„ (-) één eisch is er, die de bewuste mensch boven alles stellen moet: zich zelf trouw te zijn.' Met deze uitspraak besloot Jan van Gilse in 1932/33 zijn ongepubliceerde herinneringen over de jaren 1917 tot. 1922, toen hij als dirigent aan het Utrechts Stedelijk Orkest verbonden was.
In die periode werd Van Gilse geconfronteerd met een gemeente die het USO net genoeg subsidie verstrekte dat het niet kon sterven, zoals Jan van Gilse bitter opmerkte, met een bestuur dat niet in staat was krachtig op te treden en met de jonge, bepaald tactloze componist en recensent Willem Pijper, die alle mogelijke moeite deed in Utrecht en liefst ook ver daarbuiten op te vallen. In 1917 leed het USO ernstig aan bloedarmoede, beheerste een uiterst beperkt repertoire en had slechts een zeer klein afzetgebied.

Orkestdiscipline en versteviging van de technische basis van het orkest waren Van Gilse's eerste doelen. Daarbij had hij grote voorkeur voor het Duitse repertoire. Toch begon Jan van Gilse juist in deze Utrechtse jaren ook meer Franse muziek te dirigeren. Als componist had hij al kort na 1900 met glans zijn debut gemaakt met symfonieën en dramatische cantates in het kielzog van Bruch, Reger en in its mindere mate Mahler. Zijn werken werden niet vaak uitgevoerd, maar klonken niettemin verschillende malen bij het Concertgebouworkest, onder andere tijdens het muziekfeest van 1912.

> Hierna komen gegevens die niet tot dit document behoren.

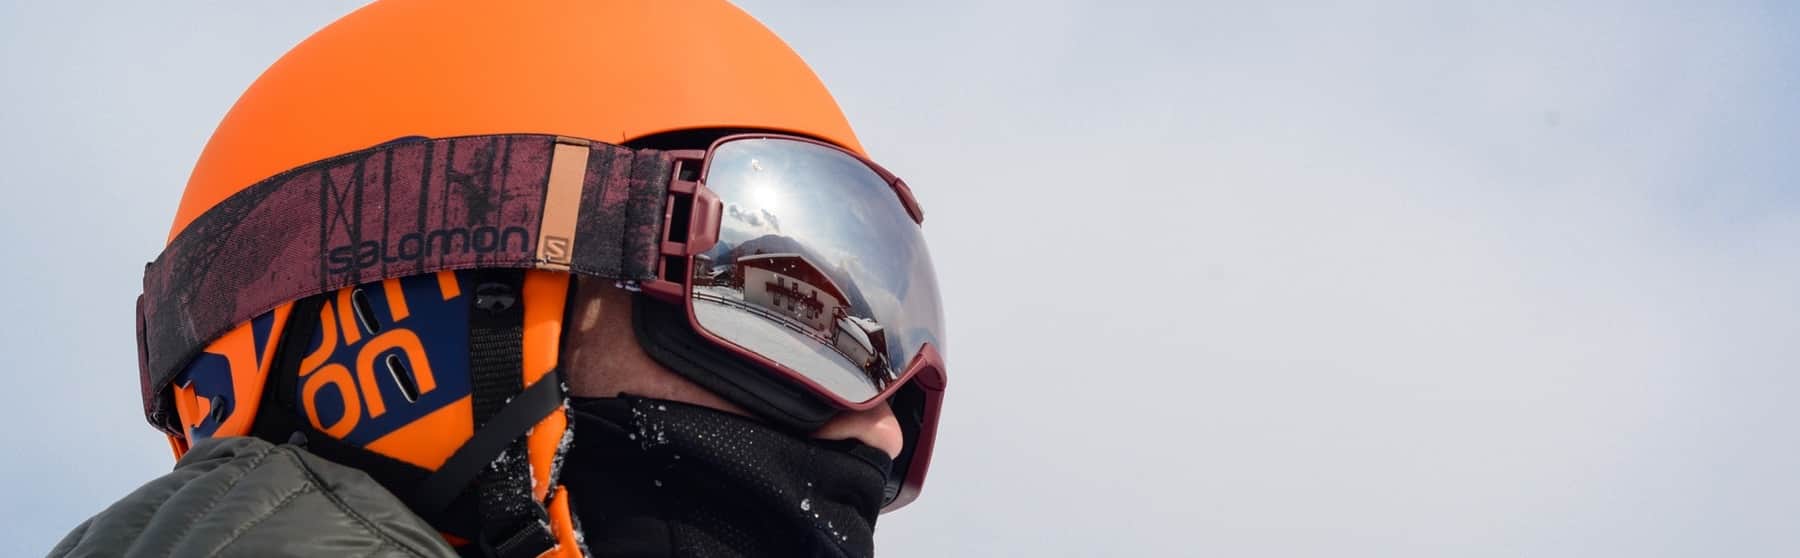 man wearing ski goggles

Willem Pijper daarentegen schreef zijn eerste grote werken pas rond 1920, profileerde zich in deze jaren tevens als criticus bij het Utrechts Dagblad, het maandblad Caecilia en sinds 1919 bij de Tivoli-gids. Daarbij spiegelde hij zich aan zijn vriend Matthijs Vermeulen, die berucht was vanwege zijn vlijmscherpe pen.

Als componist was Pijper echter nog steeds op zoek naar een podium. Van Gilse wilde daar wel voor zorgen en voerde Pijpers liederencyclus Fêtes Ga!antes uit. Daarop zou de Eerste Symfonie volgen. Maar Willem Mengelberg stelde eveneens belang in deze partituur en wenste met het Concertgebouworkest de eerste uitvoering ervan te verzorgen. Daarop ging Pijper in Utrecht dwarsliggen en maakte een uitvoering door Van Gilse onmogelijk door het orkestmateriaal achter te houden. Van Gilse was hevig gepikeerd. Pijper volhardde in een koppig stilzwijgen.

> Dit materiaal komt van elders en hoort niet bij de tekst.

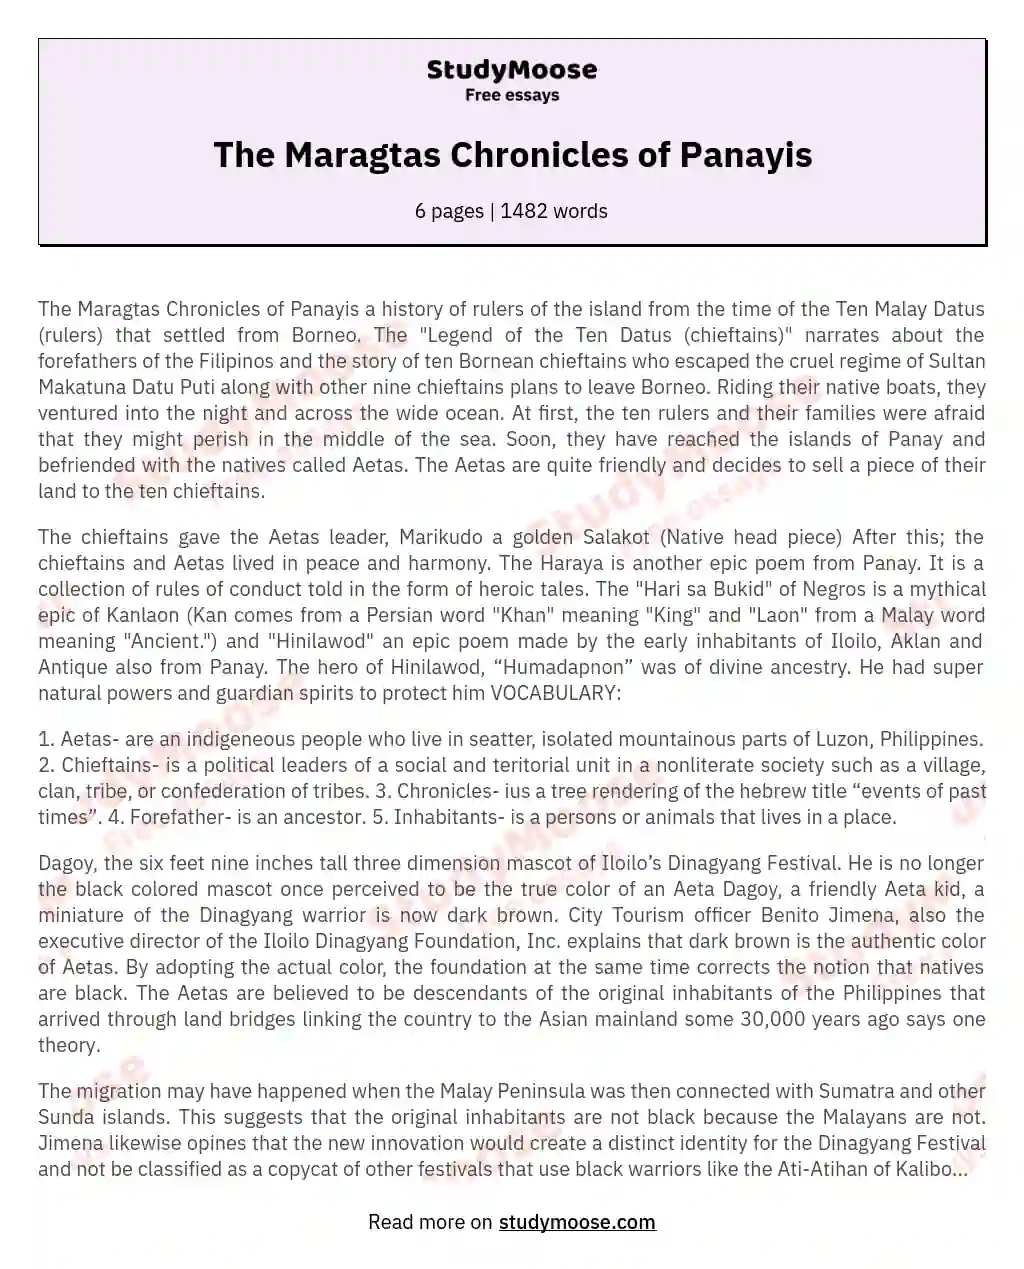 The Maragtas Chronicles of Panayis essay

Daarop begon hij Jan van Gilse in het Utrechts Dagblad stelselmatig zwart te maken, als zou deze zijn vak niet verstaan, de verkeerde muziek dirigeren en meer van dergelijke overwegend ten onrechte aangevoerde argumenten.

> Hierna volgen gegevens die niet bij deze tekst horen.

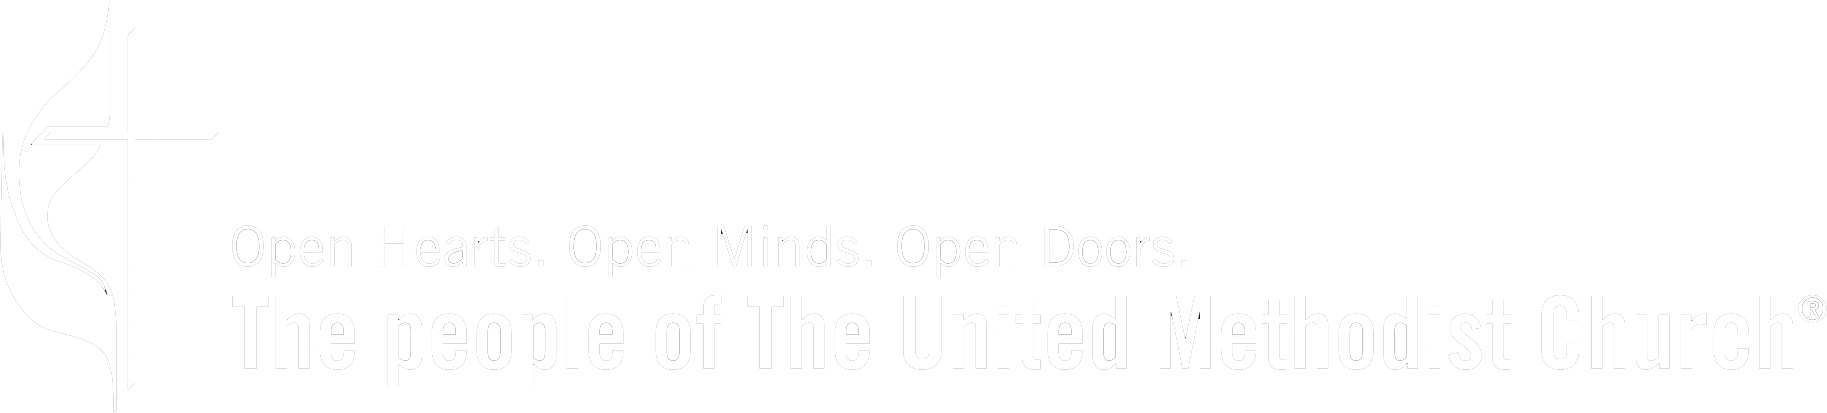 Open Minds, Open Hearts, Open Doors - The People of The United Methodist Church (horizontal logo)

Het resultaat van deze weinig verheffende affaire was dat Jan van Gilse zijn bestuur verzocht Pijper de toegang tot de concerten te ontzeggen. Het bestuur wilde daar geen gehoor aan geven, maar was evenmin in staat zijn eigen dirigent tegen Pijper in bescherming te nemen. In de winter van 1921/22 kon Van Gilse er niet meer tegenop en bood zijn ontslag aan.
Jan van Gilse mag dan geen virtuoos dirigent noch een veelzijdig musicus zijn geweest (althans vergeleken met Willem Mengelberg in Amsterdam of later Evert Cornelis in Utrecht), hij was wel oprecht in zijn repertoirekeuze. Bovendien had het USO zich in die jaren geen betere dirigent en leermeester kunnen wensen. Zonder het werk van Van Gilse zouden opvolgers als Evert Cornelis en Willem van Otterloo nooit zoveel met het orkest hebben kunnen verwezenlijken. Jan van Gilse was echter geen gemakkelijk mens, evenals zijn opponent Pijper. Als hij zich iets in zijn hoofd had gezet (bij voorbeeld een betere financiële positie voor zijn musici en ongestoorde arbeid voor hemzelf om het orkest artistiek op het. gewenste niveau te brengen) dan zou dat zo ook gebeuren. De Utrechtse notabelen in het bestuur van het orkest waren zoiets niet gewend en bleven met de handen in de zakken aan de zijlijn staan toen het drama zich voltrok.

Van Gilse's memoires over de Utrechtse jaren, maar ook die over zijn jeugd en zeker die over de eerste, uiterst moeilijke oorlogsjaren laten zich lezen als een roman.
Nog in 1943, toen zijn muziek niet meer mocht worden uitgevoerd, hijzelf met zijn vrouw was ondergedoken en zijn beide zonen in het verzet zaten, merkte hij op: „(-) men dient alleen de waarheid, wanneer men onomwonden zijn mening zegt, derhalve ook niet verzwijgt, wat teleurstellend is geweest en waar in karakterkracht, beginseltrouw en eerlijkheid is tekort geschoten. Zelden zal er in en geschiedenis een zuiverder toetssteen hebben bestaan voor wat echt en betrouwbaar, voos en karakterloos was dan deze bewogen tijden."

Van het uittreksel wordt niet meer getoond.